The court held that adopted children did not fall under the category of ‘near relation’ to
each other (NOTE: today adopted children is part of the family – see s7(11) Civil Law
1956)
- Section 7(11) Civil Law Act 1956 – ‘in…. any relationship referred to in this subsection any
illegitimate person or any person who has been adopted, or whose adoption has been
registered, in accordance with any written law shall be treated as being or as having been
the legitimate offspring of his mother and reputed father or, as the case may be, of his
adopters.
APPLY:
- Based on court decision in Re Tan Soh Sim case, BoyBoy (adopted son) does not falls
within the meaning ‘near relation’ and any agreement made without consideration at
that time will be void. However, such rule has been overturned by virtue of s7(11) CLA
where adopted children is considered part of the family now.
CONCLUSION:
- Therefore, BoyBoy may still be able to claim the money based on S7(11) CLA if he is Papa
Bear’s adopted son.
8. Briefly explain the two (2) legal presumptions of intention to create legal relations in respect
of commercial and non-commercial agreements.
Commercial/ Business agreements:
In commercial agreement, there is a presumption that the parties do intend to make a legally
binding contract.
However, this rule can be rebutted if the transaction is “subject to contract”.
Non-commercial/ Domestic, Family and Social agreements:
There is a presumption that there is no intention to create legal relations where the parties are
involved in an agreement concerning family, domestic or social matters unless it can be proven
otherwise.
- Agreement between husband and wife
 Generally, the law presumes that an agreement made between husband and wife is not
intended to create legal relations.
Balfour v Balfour – not a contract because the parties did not intend that the agreement
should be attended by legal consequences.
In contrast,
Meritt v Meritt – there was intention to create legal relations and the agreement I was
enforceable.
- Agreement between family & friends
Choo Tiong Hin & Ors v Choo Hock Swee – there was an intention to create legal relations.
In contrast,
Simpkins v Pays – there was an intention to create legal relation.

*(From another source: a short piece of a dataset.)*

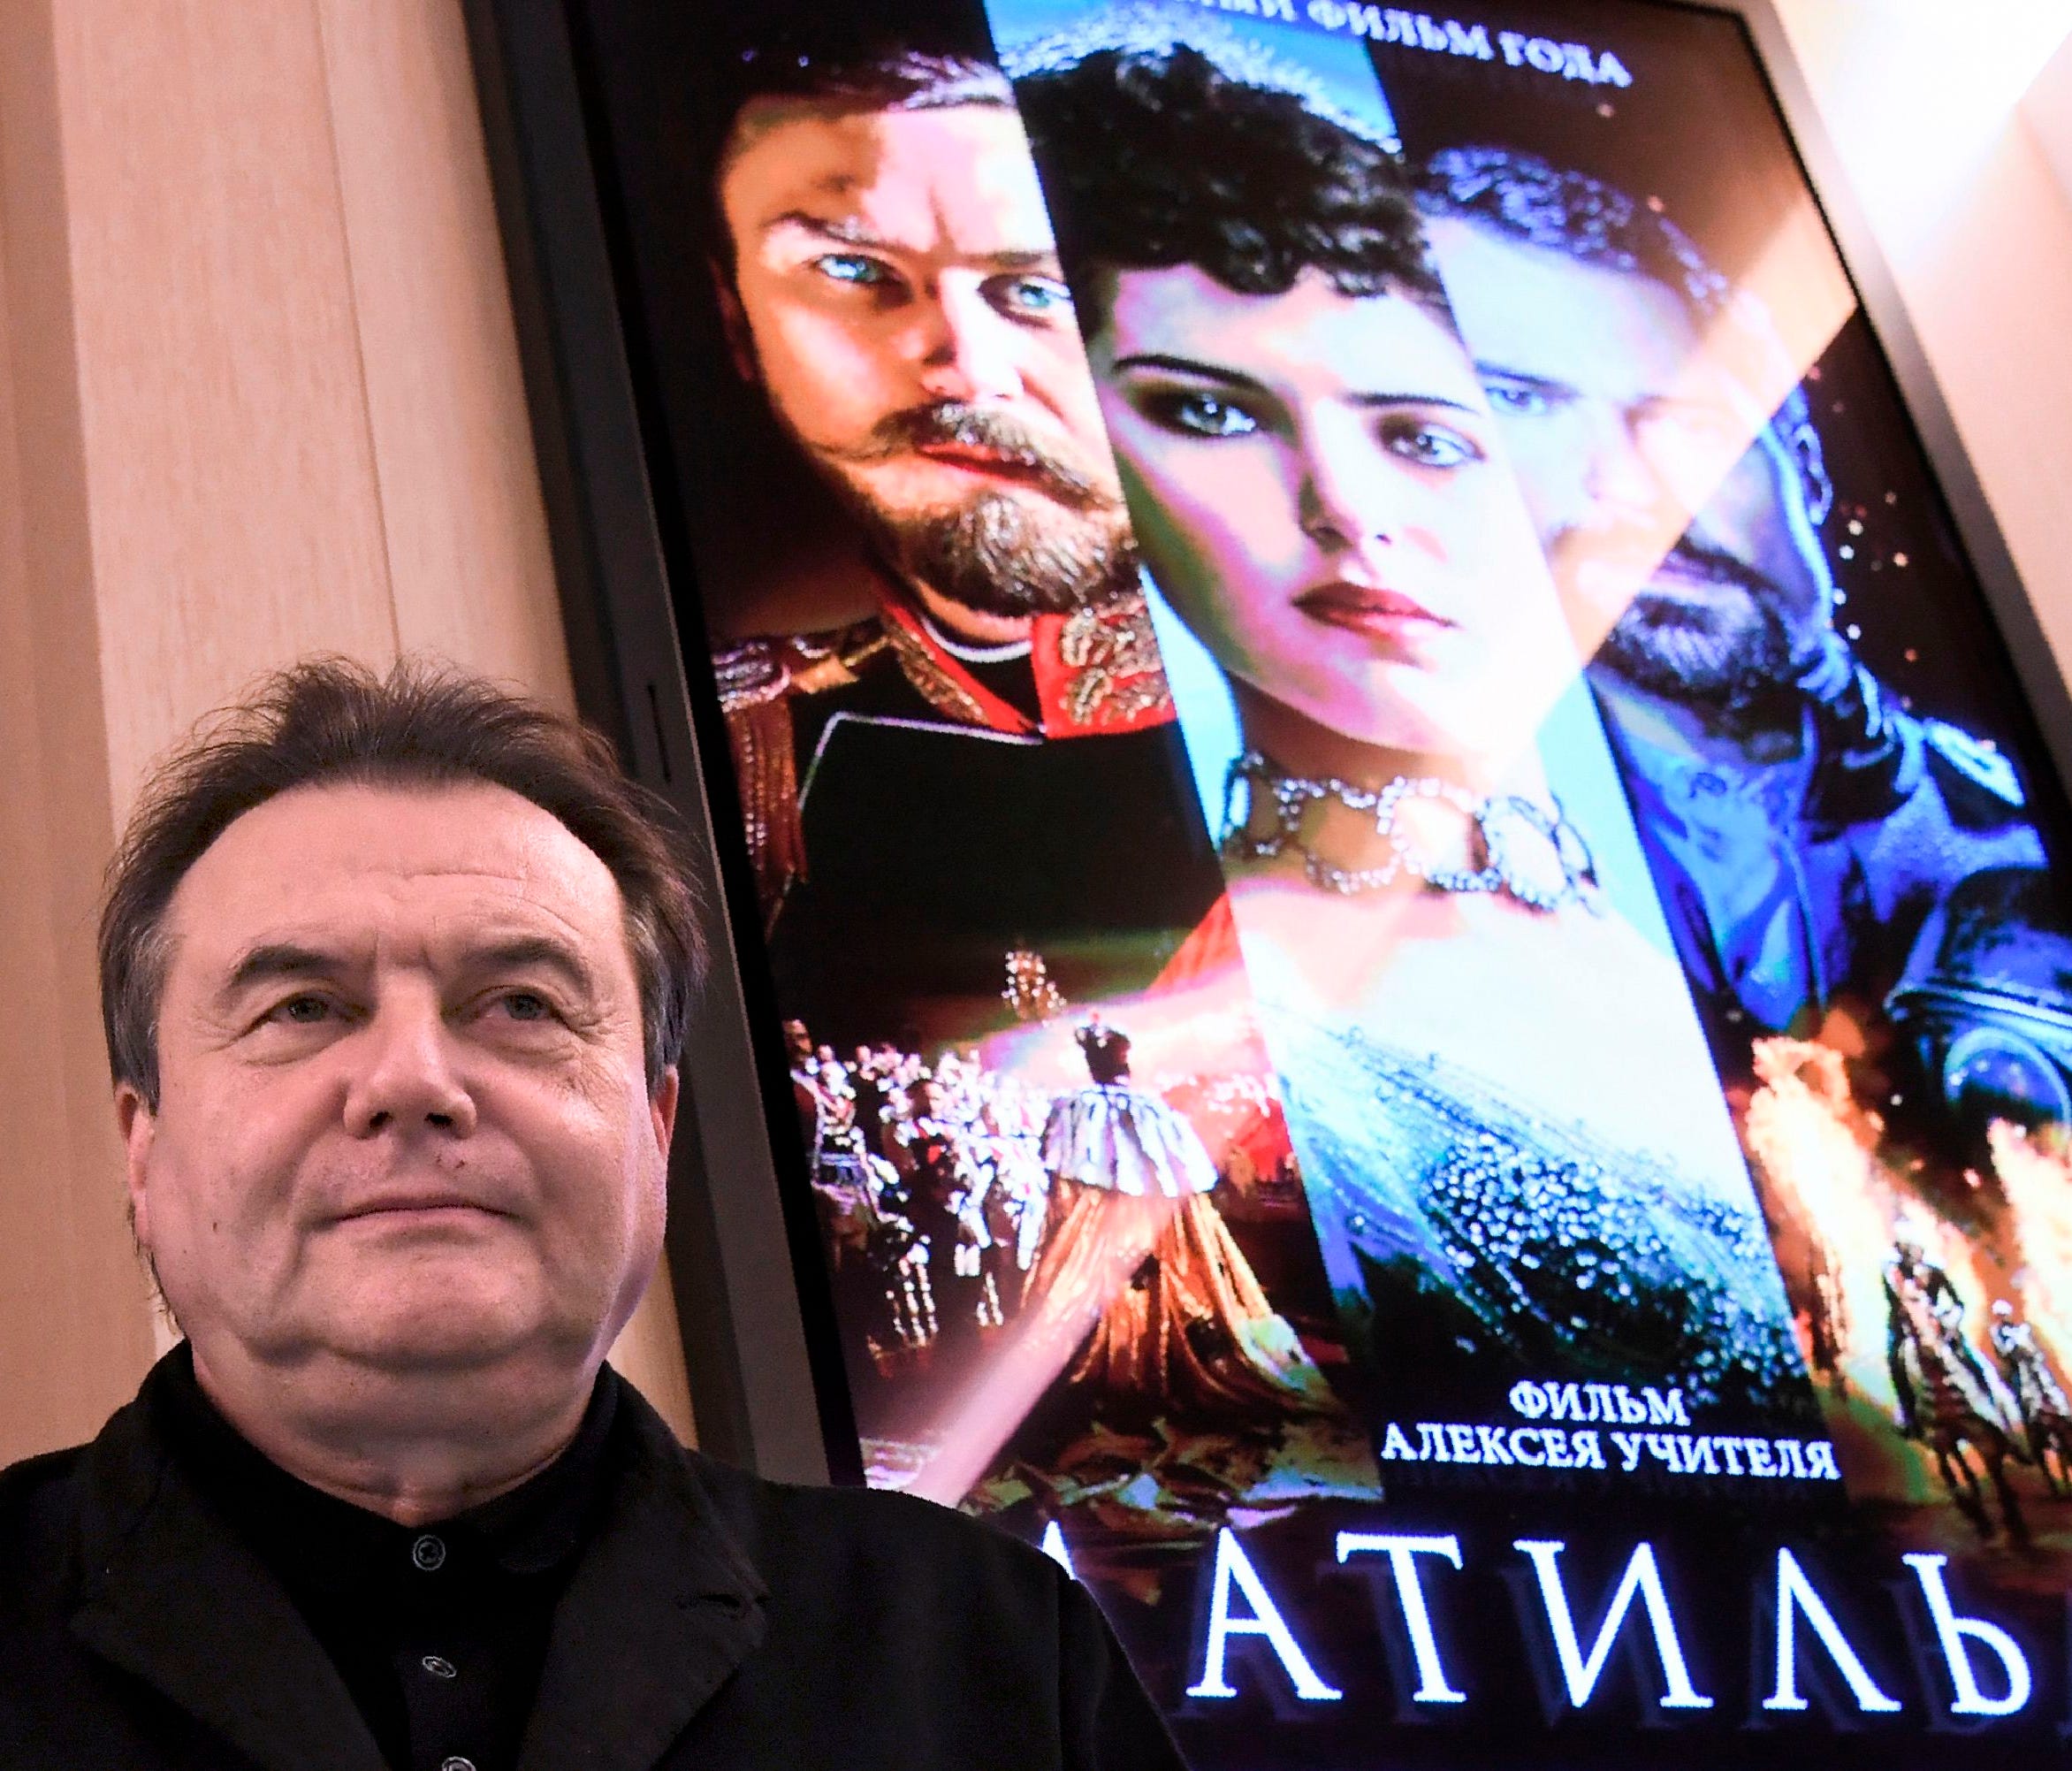 Russian film director Alexei Uchitel waits during the press screening of his 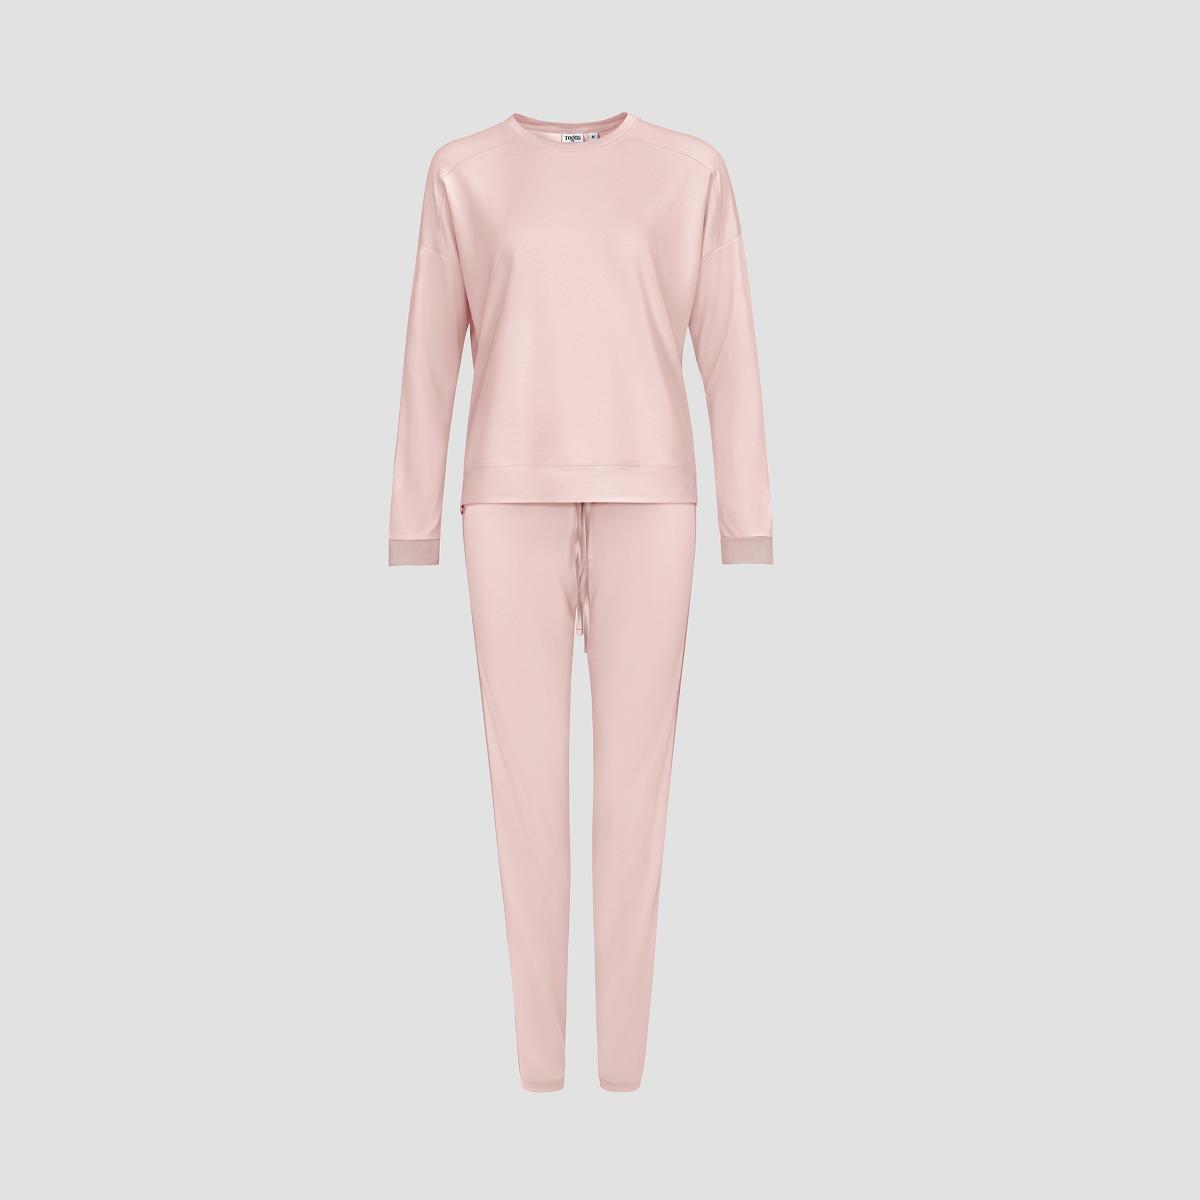 Пижама Togas Рене розовая женская жен пижама арт 17 0309 персиковый р 46

9. Joyce bought a new car from Bram Motors in her name and gave it to Ben for his use. The car
was found to be faulty with many mechanical defects. They intend to commence legal action
against Bram Motors but not sure who should be the party to sue Bram Motors. Discuss.
ISSUE:
- The issue here is whether who has a right to bring an action against Bram Motors.
LAW:
- The doctrine of privity of contract means a non-party cannot bring an action on the
contract. The law has laid down the principle that only those who are parties to the
contract or privy to the contract can sue or be sued on it.
- A person who is not a party a to a contract may not enforce the contract even though it
was made for his benefit.
APPLY:
- In this case, the contract is between the company Bram Motors and Joyce. Ben is not a
party to the contract to purchase of the car. Therefore, Ben cannot take an action in
contrast against Bram Motors because he is not privity. i.e. a party is the contract
between Bram Motors and Joyce.
CONCLUSION:
- In this case, only Joyce can sue Bram Motors. She is the party to the contract with Bram
Motors. Bram cannot sue because he is a non-party.